Amorim’s Milan live up to billing as teenage star Cissè upstages signings | Nicky Bandini

« J’adore Cissè. J’adore Cissè. » Ruben Amorim n’avait pas encore dirigé son premier match officiel en tant qu’entraîneur de Milan, mais il offrait déjà aux journalistes des phrases mémorables et aux supporters des moments à partager sur les réseaux sociaux.

Alphadjo Cissè, un milieu de terrain offensif de 19 ans, a signé pour Milan en février, mais n’a rejoint l’équipe qu’à l’été, après un prêt d’une saison à Catanzaro en Serie B. Il y a inscrit six buts en 22 matchs, étant contraint de manquer la seconde moitié de la saison à cause d’une blessure à la cuisse. Avant cela, il avait joué seulement 14 minutes pour Vérone lors de trois apparitions en tant que remplaçant en première division.

Amorim parlait de Cissè comme un homme qui connaissait un secret que le reste du monde ignorait. Plus que ses mots, c’était son langage corporel qui trahissait son enthousiasme : mains frottées l’une contre l’autre, un sourire en coin semblable à un émoji.

Un début prometteur à Turin

Cissè débuterait le lendemain soir en déplacement à Turin. À peine 75 secondes après le coup d’envoi, il avait déjà tenté la première frappe du match : s’élançant pour reprendre un centre de Ruben Loftus-Cheek, il a envoyé le ballon dans le petit filet, à un angle difficile au-delà du poteau.

Pour un adolescent italien de figurer dans le onze de départ de Milan dès le premier week-end de la saison, c’était un fait déjà significatif. Les rares occasions offertes aux jeunes talents nationaux en Serie A sont devenues un sujet de conversation depuis que les Azzurri ont échoué à se qualifier pour la Coupe du Monde pour la troisième fois consécutive.

Des données compilées par Football Benchmark ont révélé que les Italiens ayant participé à la catégorie des moins de 21 ans n’ont représenté que 3,9 % des minutes jouées la saison dernière, tandis que les joueurs étrangers de cette tranche d’âge ont accumulé 8,2 %.

« En d’autres termes, les jeunes joueurs étrangers reçoivent plus de deux fois plus d’opportunités que leurs homologues italiens. »

Des signes de changement

Ce week-end, des signes d’un possible changement étaient visibles. La saison a débuté avec la performance remarquable de Pio Esposito, 21 ans, qui a été élu homme du match lors de la victoire 4-1 d’Inter contre Monza, mais il était déjà l’exception l’année dernière.

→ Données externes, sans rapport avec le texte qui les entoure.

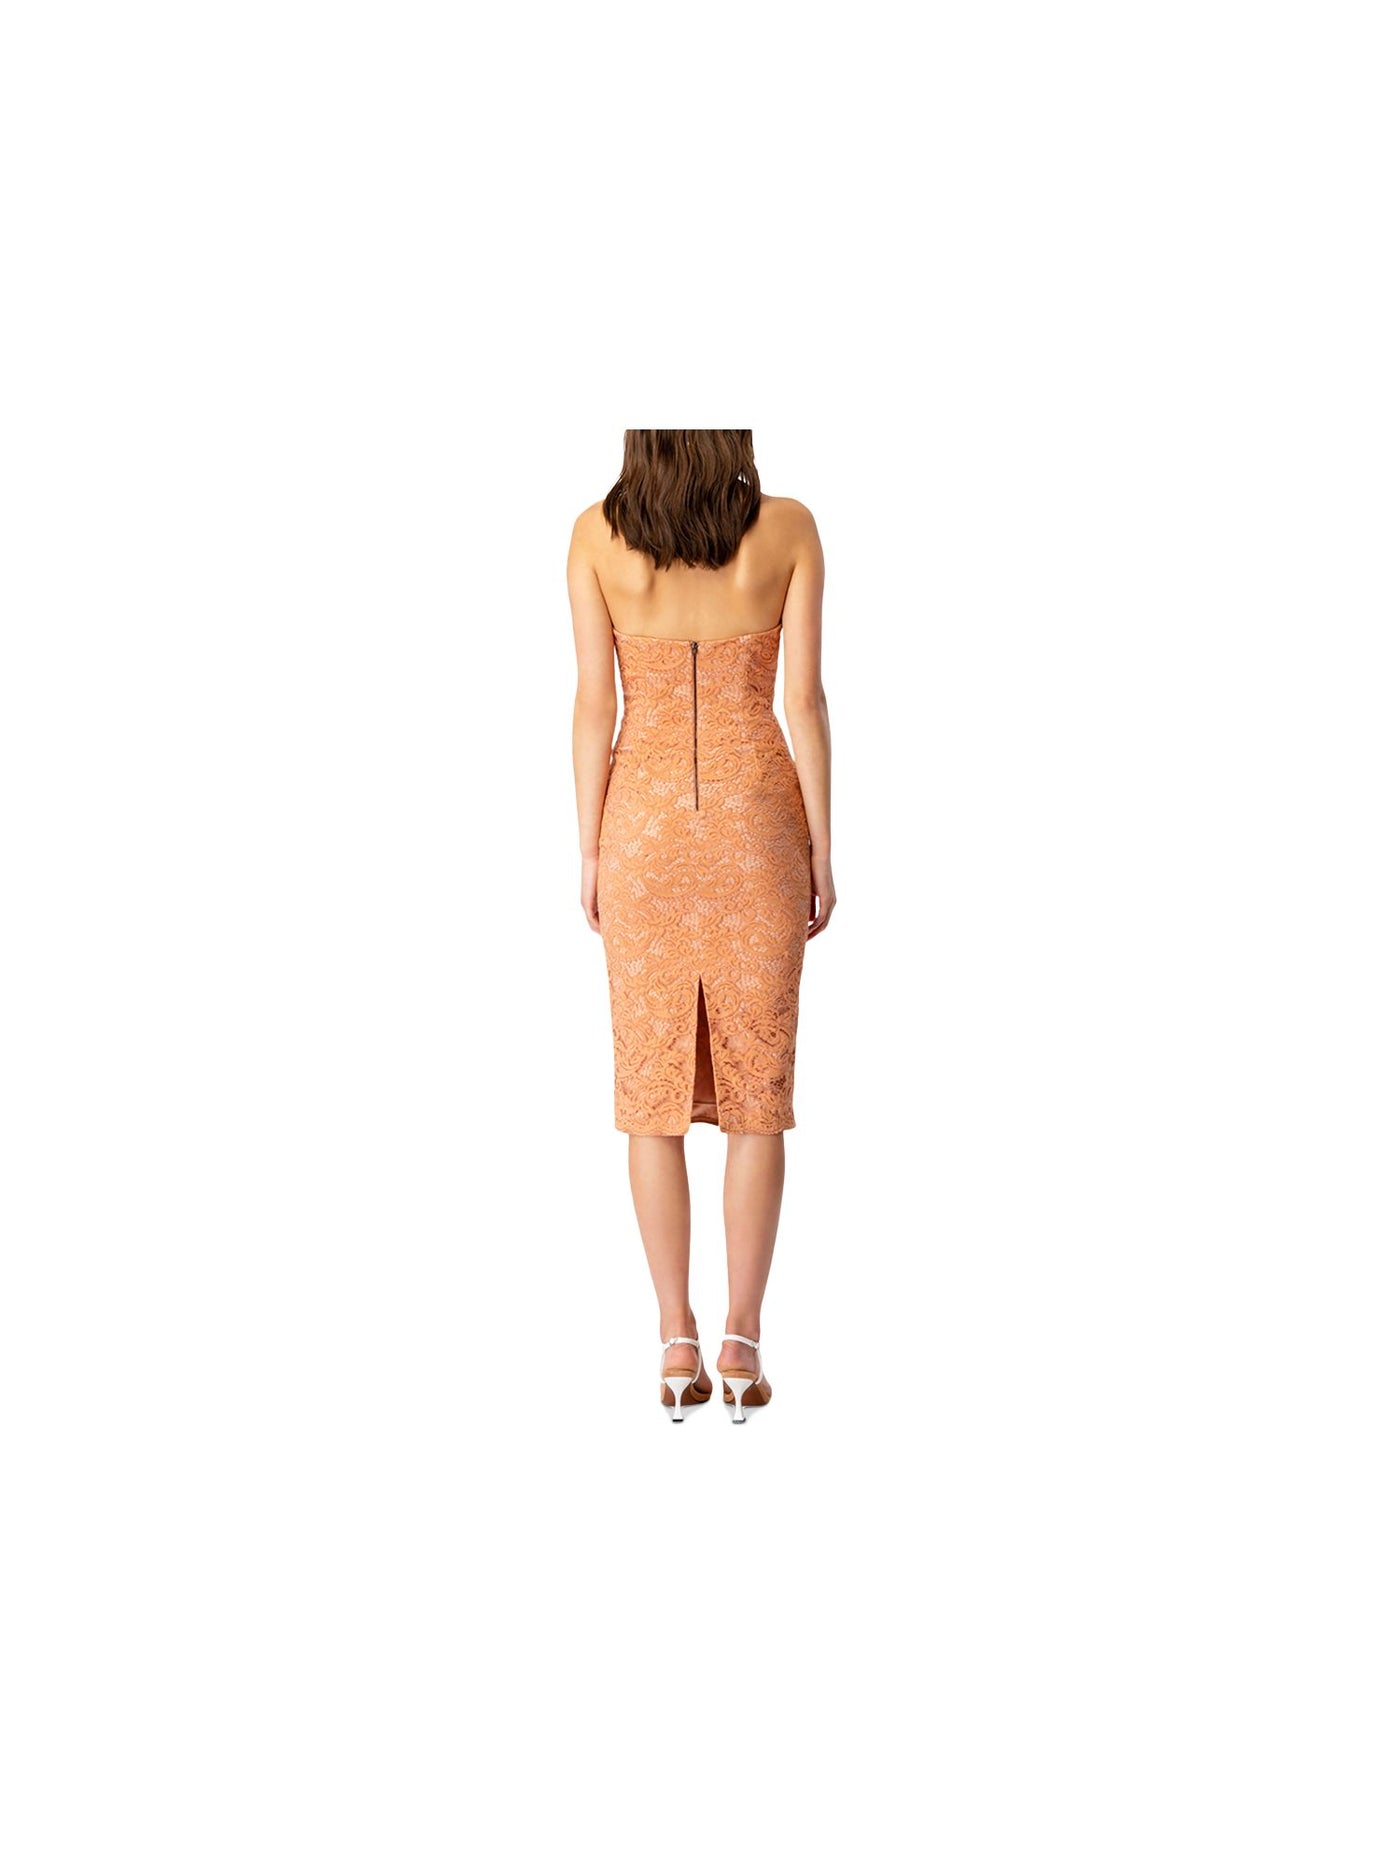 BARDOT Womens Orange Slitted Zippered Corset Boning Lined Lace Sleeveless Halter Below The Knee Evening Sheath Dress 12
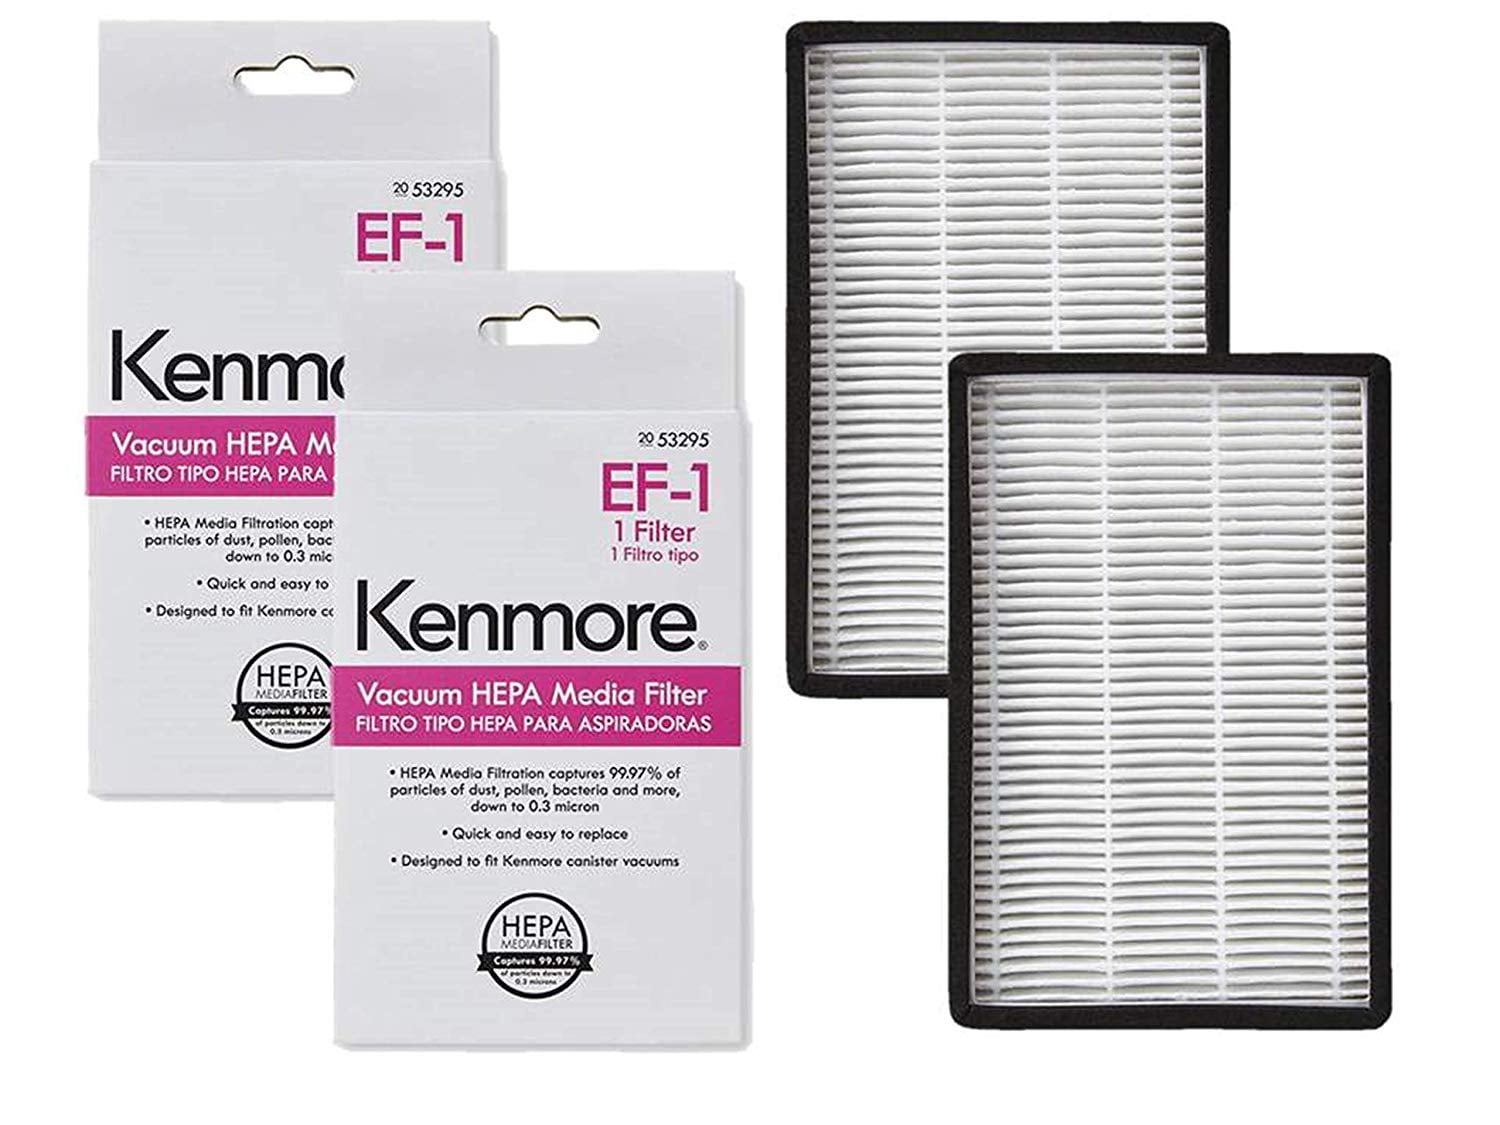 02053295000P---2 PACK Sears Kenmore EF-1 Filter Fits Models 20-8688920-40324

Plus étonnant, de nouveaux visages apparaissaient ailleurs. Cissè, né à Trévise de parents guinéens, était l’un des trois adolescents italiens sur le terrain du stade olympique de Turin, aux côtés de Diego Mascardi et Alessio Cacciamani, tous deux âgés de 19 ans et occupant respectivement les postes de gardien de but et de latéral gauche pour le Granata.

Ruben Amorim points on the touchline.

Les adolescents de 18 ans, Matteo Palma (un binational italo-allemand) et Simone Lontani, ont débuté pour Udinese et Parme, tandis que le jeune Mathis Mout, 19 ans, a joué pour Monza. Même Como, dont le projet a été critiqué pour sa dépendance presque exclusive à des talents étrangers, a accordé quelques minutes à Mattia Liberali, 19 ans, en tant que remplaçant. Il est encore trop tôt pour tirer des conclusions, mais c’est certainement une tendance à surveiller.

Les attentes de Milan

Quoi qu’il en soit, faire confiance à des jeunes talents non éprouvés peut sembler un pari risqué pour un club avec les attentes de Milan. Après une décevante cinquième place la saison dernière sous la direction de Massimiliano Allegri, les Rossoneri ont investi massivement – en nommant Amorim puis en dépensant un montant record de 74 millions d’euros pour recruter Gonçalo Ramos du Paris Saint-Germain, ainsi que 50 millions d’euros pour le milieu de terrain Diego Moreira de Strasbourg et 30 millions d’euros pour le défenseur Mario Gila de la Lazio.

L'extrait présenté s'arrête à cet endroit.